This summer Governor Murphy hired someone who served time for taking bribes as a Passaic councilman to work as a special assistant to the State Commissioner of Education.

Marcellus Jackson will serve in the office of civic and social engagement for the department. Whatever the f@$# that is! What it is, is another $70,000 a year job to add to the public payroll and add to Murphy's resume of pandering to minority groups and special interests. This conviction wasn't the result of a youthful indiscretion of being involved with drugs or mischief. No! This was taking $26,000 worth of bribes for special favors in the city he was elected to serve. A clear breach of public trust and a major no-no. The kind of thing that should preclude one from serving in a public capacity in the future. Not now. Not in the Murphy administration.

Our own Dino Flammia participated in a press conference with the Governor today, and he essentially says it may be "the new norm" to see convicted officials back in state government.

When asked about the hire of Marcellus Jackson, Murphy said, "I hope we see a lot more than this -- that somebody made a mistake, they admitted it, they repented, they paid their price. We have to get these folks back up on their feet in society in this state. We have one of the harshest states in the nation in terms of allowing what I just said to happen. Marcellus has done all of the above and I think we should all accept that that should be the new norm." Murphy went on to say, "We feel completely comfortable with the process that Marcellus went through."

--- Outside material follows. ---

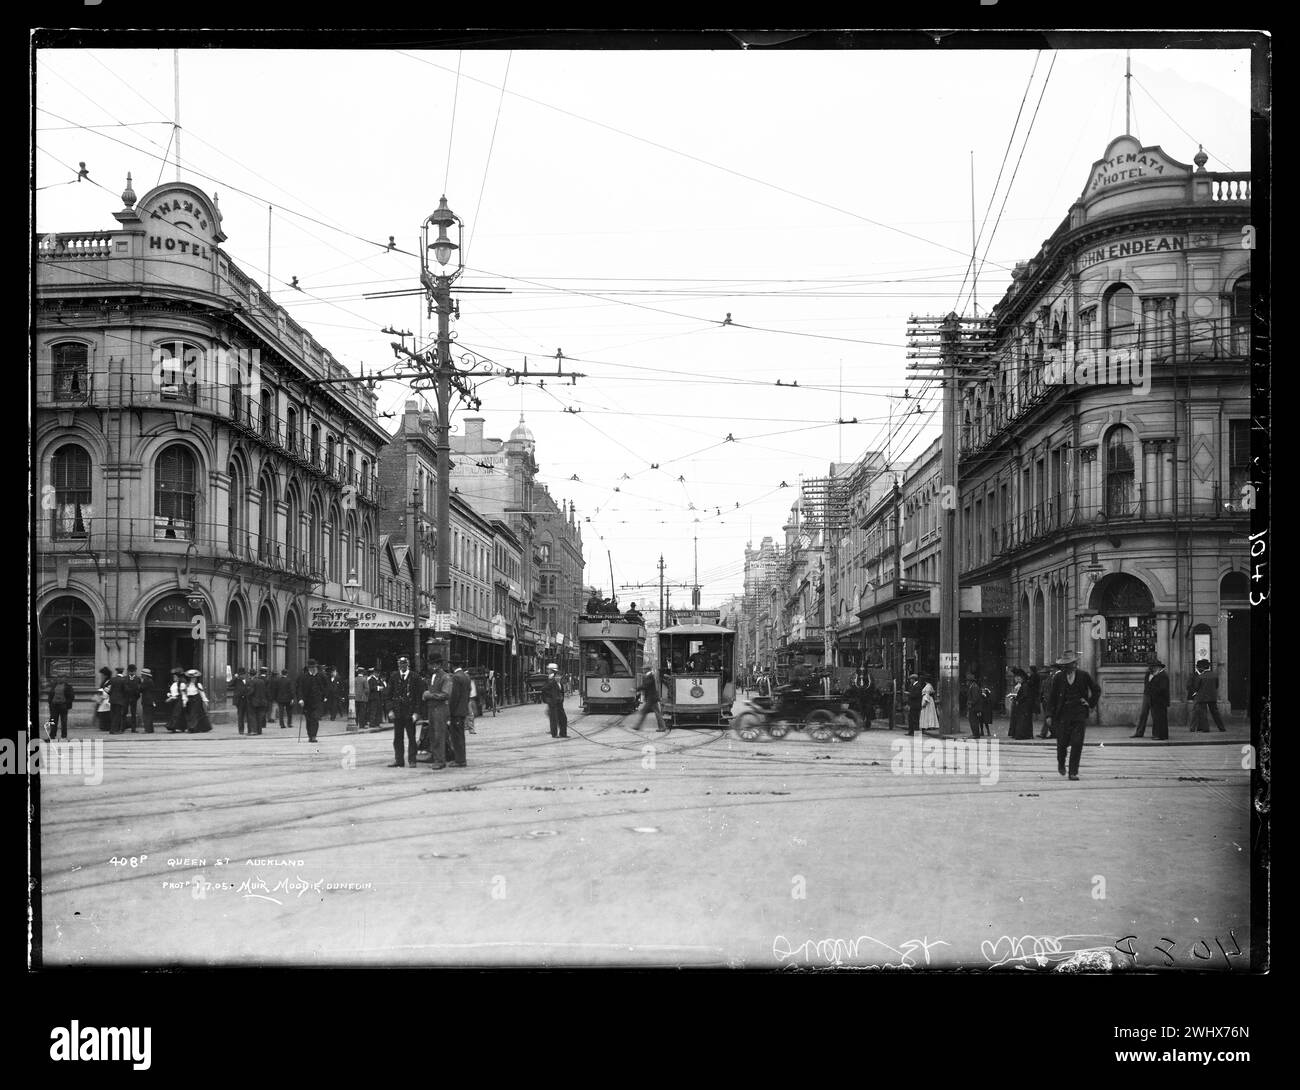 Queen Street, centro urbano con tram e gente sulla strada commerciale Auckland, scena fotografica di strada d'epoca dalla nuova Zelanda, primi anni '1900 Foto Stock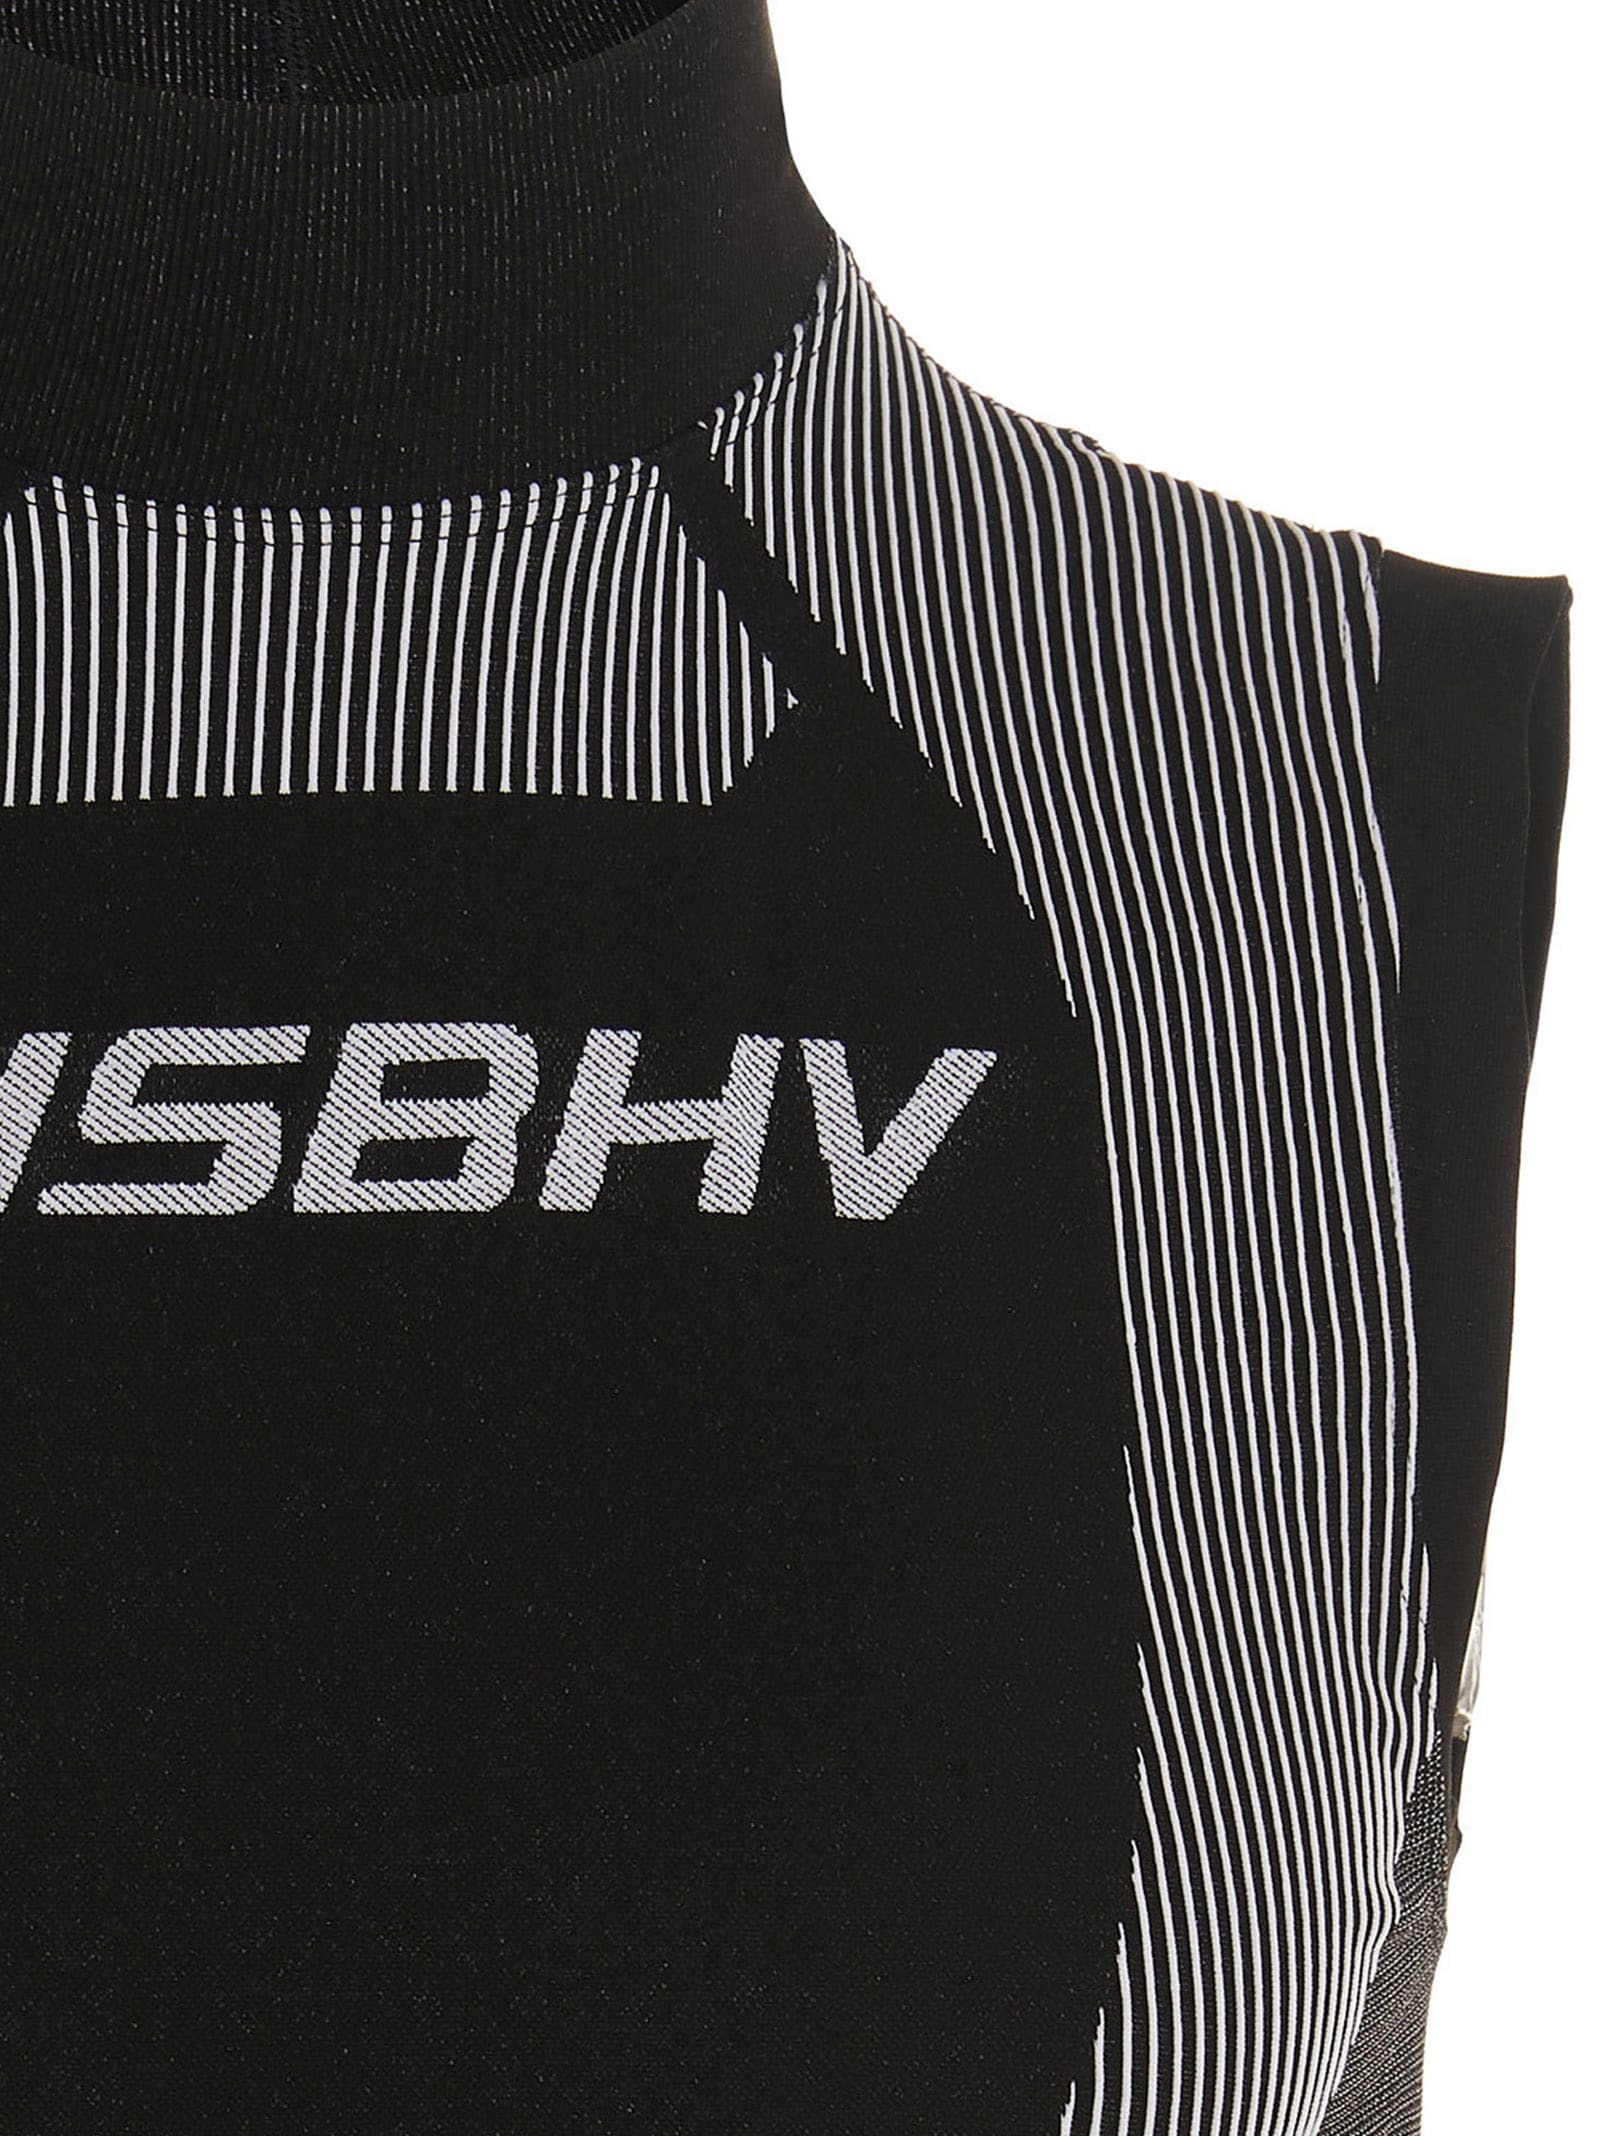 Shop Misbhv Sport Tank Top In White/black

If all of this makes Murphy look like a compassionate liberal who believes in second chances and ups his street cred with the base, then it's good thing in his eyes. Yes, the world is upside down. Which makes it all the more easy for your money to fall out of your pockets and into the coffers of the state government. When he met the fake official in a parking lot back in 2007 to take a $6,000 payment, Jackson said "I appreciate it, baby...good things is gonna happen," That didn't turn out as well as he hoped that day. But on the day of his sentencing in December of that year, he said "I shall return." And he has. Lucky us!